Atiku Aboki, a local resident who attended the school shortly after the shooting stopped, told Reuters news agency he saw a scene of panic and confusion as people were looking for their children.
“When we got there we saw students cry, teachers cry, everyone sympathizes with people,” he said over the phone.
“Everyone was confused. Then my brother called me [to say] that her two children were not seen and [we] I don’t know if they are among the kidnapped.
Heavily armed criminal gangs, known locally as bandits, have long targeted the central and northwestern states, looting villages, stealing livestock and kidnapping for ransom.
But they have increasingly targeted schools, snatching up students or schoolchildren and rounding them up in forest hiding places to negotiate ransom payments.

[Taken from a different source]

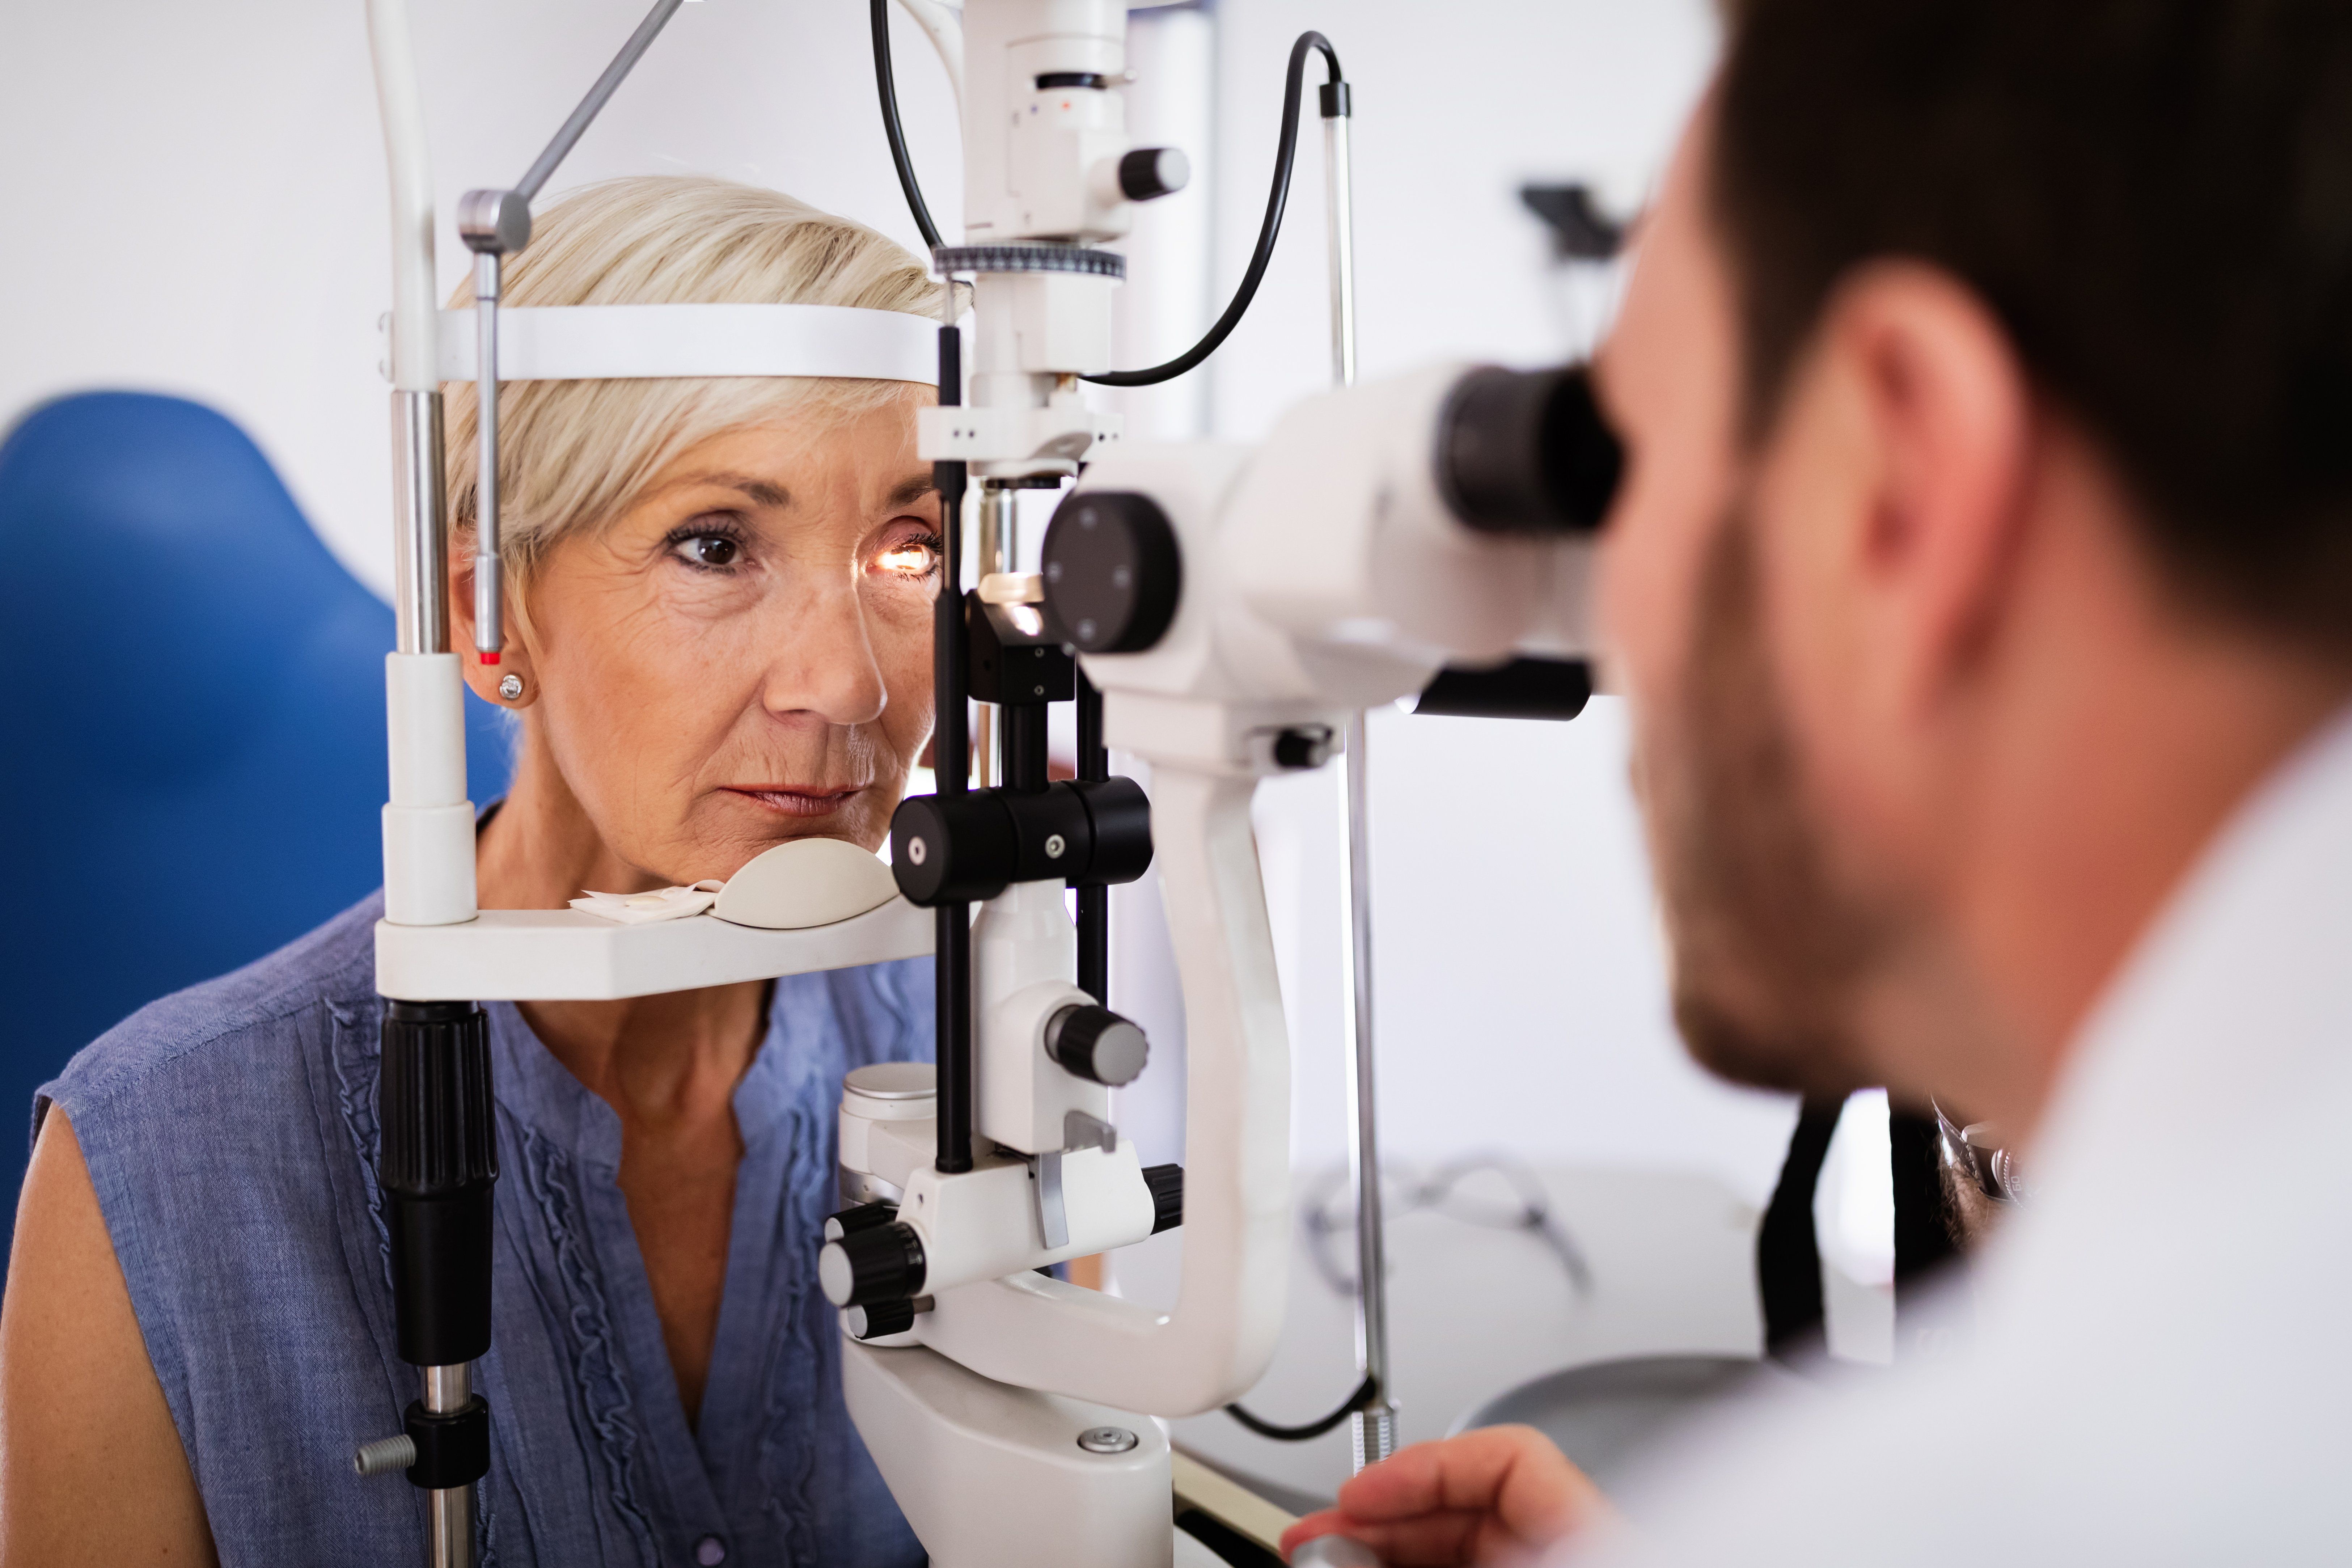 Contact Lens Exam: Everything You Need to Know

More than 700 children and students have already been kidnapped by these gangs for ransom since December.
The raids mainly took place in the northwest region. They are distinct from the armed operations centered in the northeast, where the Boko Haram group made headlines in 2014 when they abducted more than 270 schoolgirls from the town of Chibok.
At the end of May, gunmen seized 136 children from an Islamic seminary in Niger State, central Nigeria.
The mass kidnappings are just one challenge for President Muhammadu Buhari’s security forces, who are also battling armed conflict in the northeast and rising separatist tensions in the southeast.